According to Brazilian competition law and regulations, a transaction is reportable only if (among other criteria):

  • one economic group has a turnover or volume of business that exceeds R750 million in the last fiscal year before the transaction; and
  • another economic group has a turnover or volume of business in Brazil that exceeds R75 million in the last fiscal year before the transaction.

However, the definition of 'economic group' is not always clear.

In a recent decision (Gavea/Chilli Beans), CADE consolidated the understanding that the concept of economic group includes not only companies in which the parties and their group own a controlling shareholding or a relevant minority interest (equal to or above 20% of the total or voting stock), but also all entities that are de facto controlled by the group – even if no stock is held in said entities.

While this decision does not materially change CADE's decisional practice, it highlights the uncertainty that practitioners face on a daily basis: there is no statutory definition of what constitutes 'control' under Brazilian competition law (least of all external control) and no guidelines on the topic other than those addressed in CADE's decisional practice.

When franchising agreements confer control

Franchising agreements do not typically confer control over the franchisee; however, exceptions exist. In Brazil, CADE recently indicated that some types of franchising structure may create de facto economic dependence between the franchisee and the franchisor.

In Gavea/Chilli Beans, CADE indicated that the business format franchising model in question granted the franchisor decisive influence (control) over how the franchisee managed and conducted its business, which could have led the market to believe that all franchisees operated as a single economic entity.
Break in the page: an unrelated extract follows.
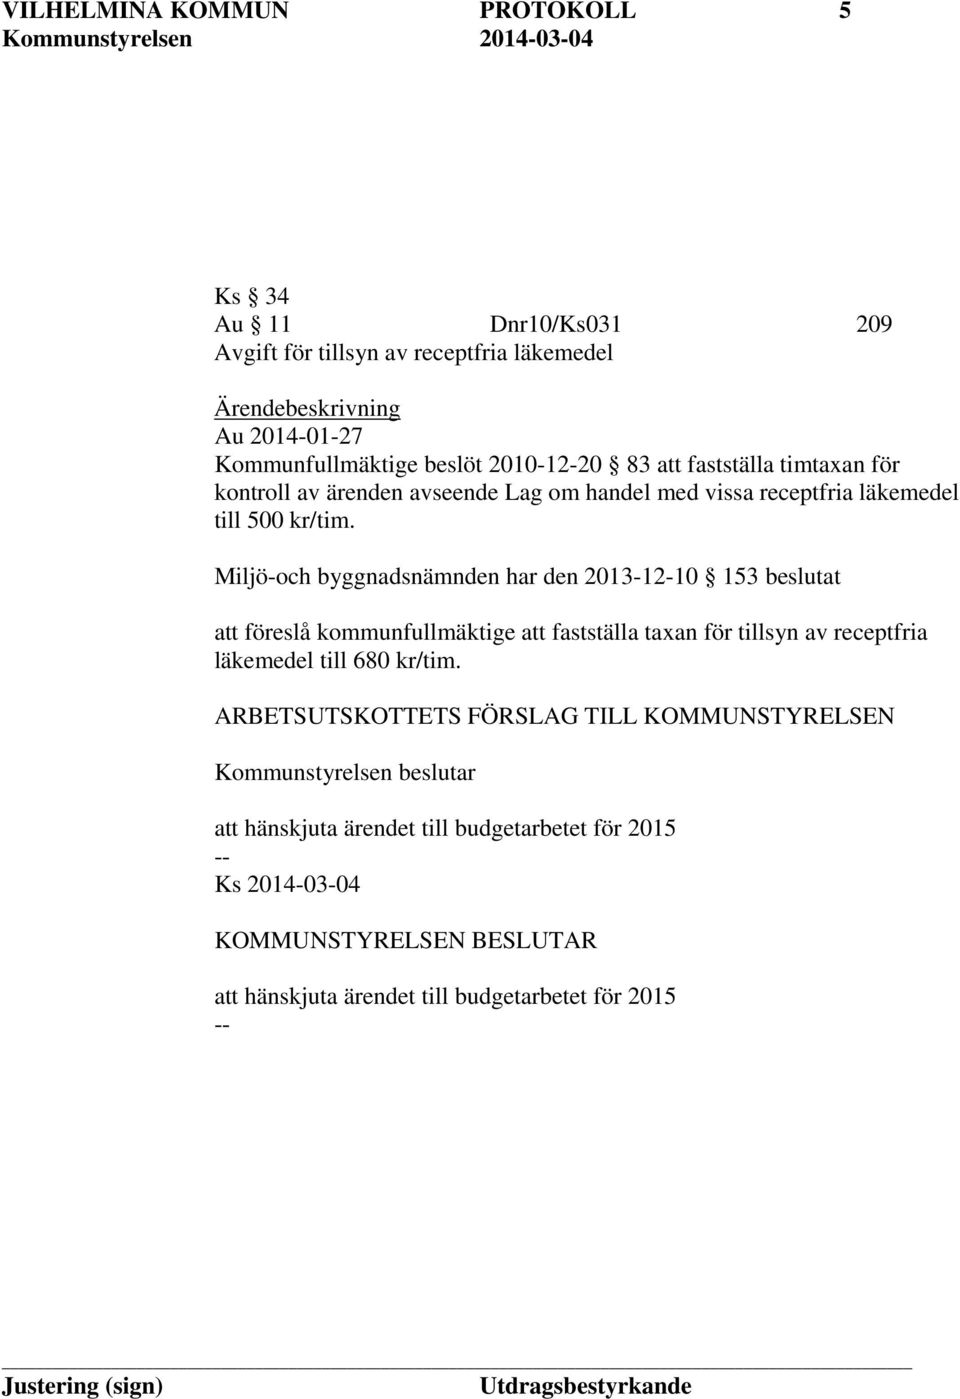 Miljö-och byggnadsnämnden har den 2013-12-10 153 beslutat att föreslå kommunfullmäktige att fastställa taxan för tillsyn av receptfria läkemedel till 680

CADE further determined that Chilli Beans' franchisees could not influence the way in which their products were sold; instead, franchisees had to abide by the commercial guidelines established by the franchisor.

According to CADE, this type of arrangement would give the franchisor contractual control over all franchisees, even if they had full autonomy on other matters, such as investment decisions and costs and expenses (eg, the acquisition of inputs, the hiring of personnel and rent).

Consequences for practitioners

The decision confirms CADE's decisional practice,(1) which provides that control may exist even when there are no structural links and no capital holdings between two companies.

In particular, it lists certain criteria that practitioners should consider when assessing whether contractual arrangements (eg, distribution models) that involve some level of influence of one company over another create control between them – namely:

  • the level of integration between the companies' activities resulting from the agreement (ie, whether the agreement creates economic dependence between the parties);
  • the freedom of the parties to determine their own commercial policies and strategy (eg, to set their prices);
  • whether the parties present themselves as a single economic enterprise to the market (eg, by using the same brand); and
  • whether the members of the network created by the agreements (if any) compete.

Comment

As described above, CADE has established in its decisional practice certain criteria that companies should consider when determining whether their contractual relationships with close partners (eg, franchisees and distributors) may confer de facto control. In short, the higher the level of such partners' independence, the lower the chances that the authority will consider them to be part of the same group.

However, the criteria above are somewhat unclear and do not allow companies to assess, with sufficient certainty, whether an agreement creates de facto control. Moreover, there is limited case law on the topic, which do not establish general standards on how to determine the meaning of 'de facto control' under Brazilian competition law.

CADE has already taken a positive step in listing the criteria that it considered when defining de facto control in recent decisions. A welcome next step would be to consolidate the standards used in concrete cases in order to prepare clear guidelines and a more general framework that could reduce uncertainty for companies seeking to do business in Brazil.

Endnotes

(1) Unilever PLC v Unilever NV and PricewaterhouseCoopers Contadores Públicios Ltda/PwC Strategy & do Brasil Consultoria Empresarial Ltda/PwC Strategy & Consutoria Empresarial Ltda.